- _Input_
^^^^
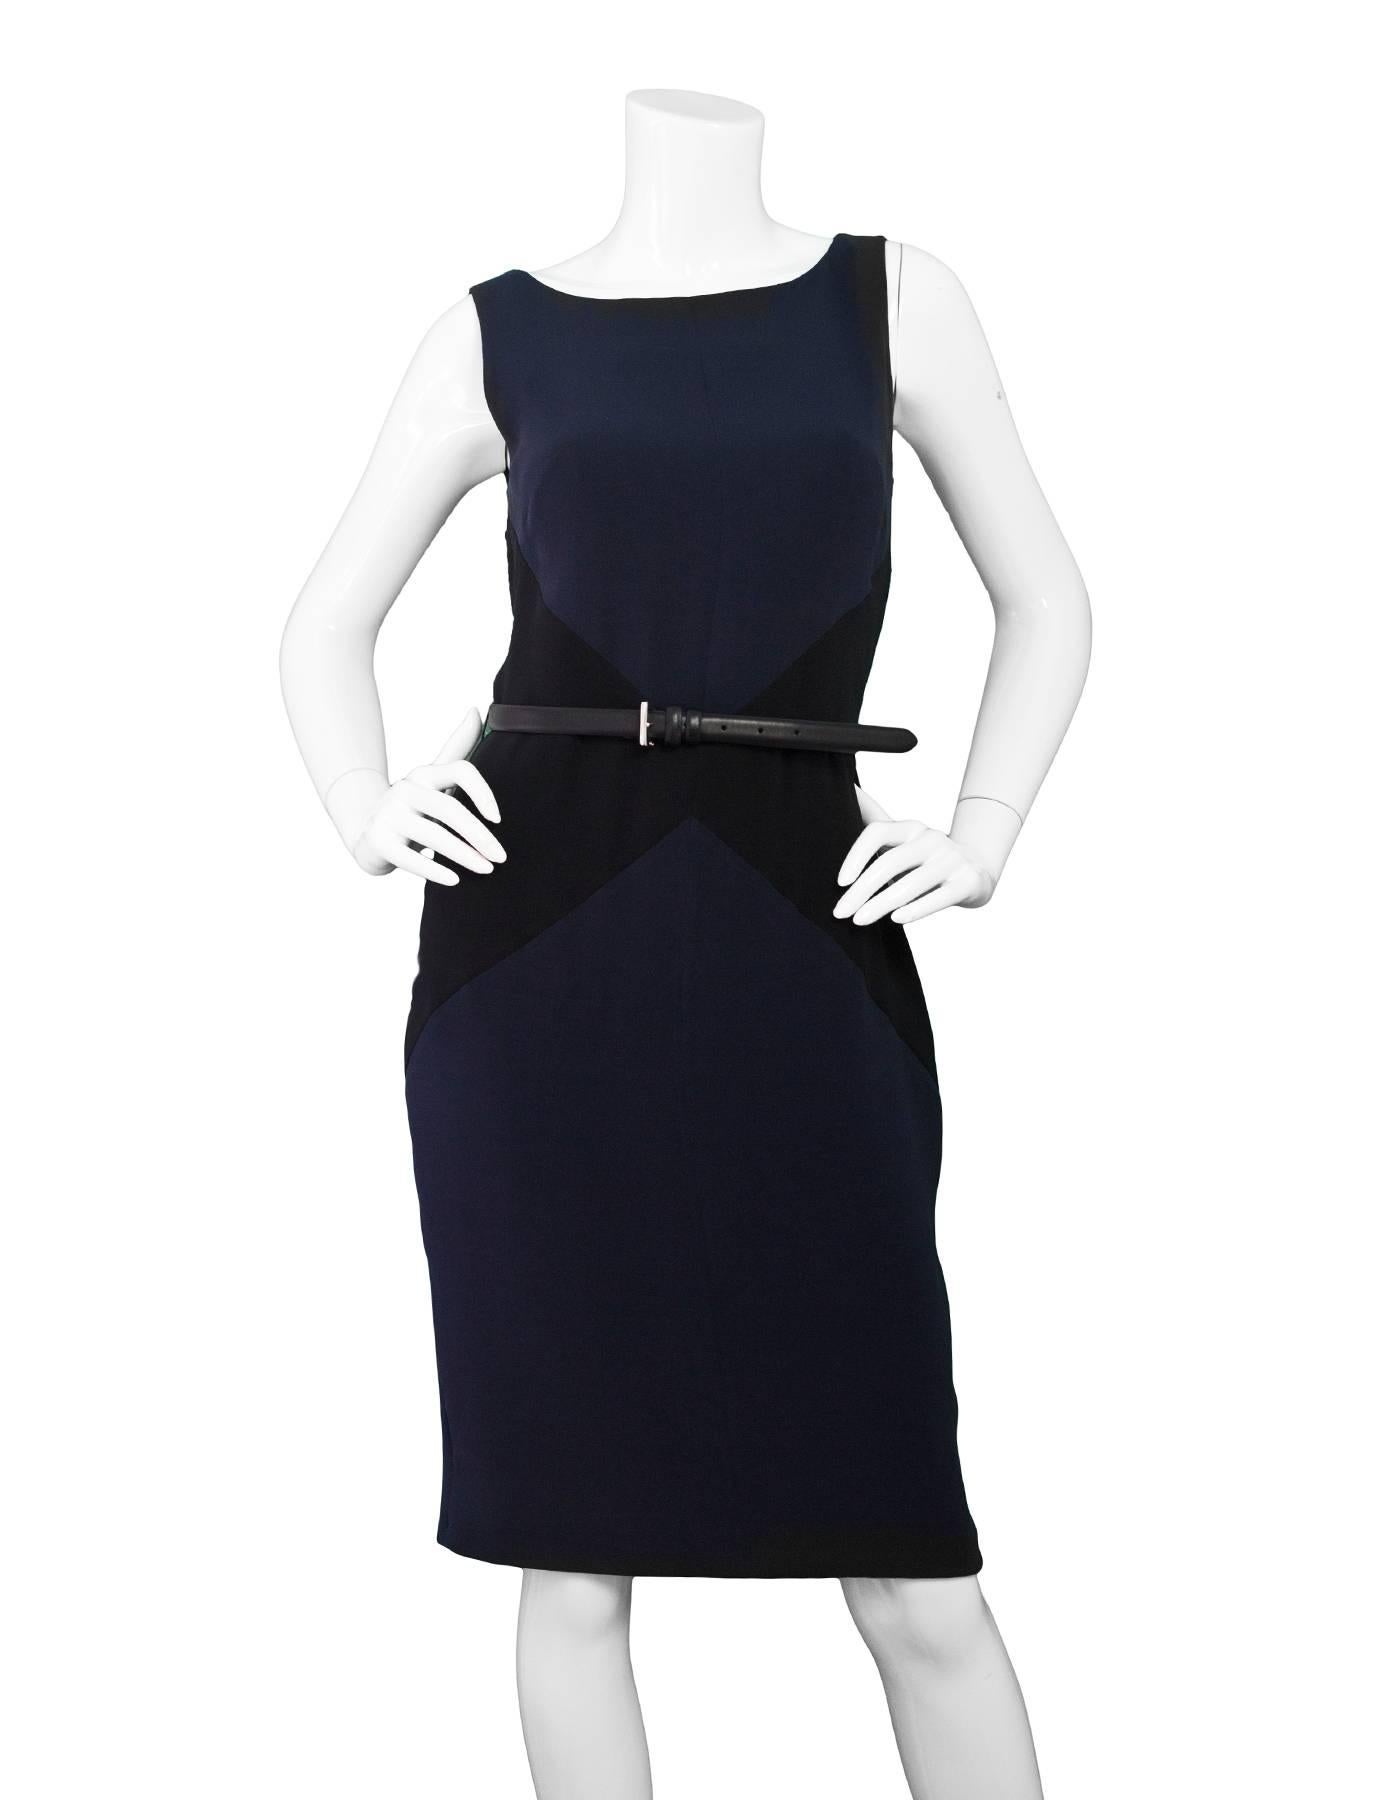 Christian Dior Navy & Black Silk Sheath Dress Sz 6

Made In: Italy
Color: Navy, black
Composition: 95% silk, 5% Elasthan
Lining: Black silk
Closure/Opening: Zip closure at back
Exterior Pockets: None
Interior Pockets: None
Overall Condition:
^^^^
- _Assignment_
State the number of lines in these entries that include the string "None". Provide nothing beyond that number.

- _Solution below_
2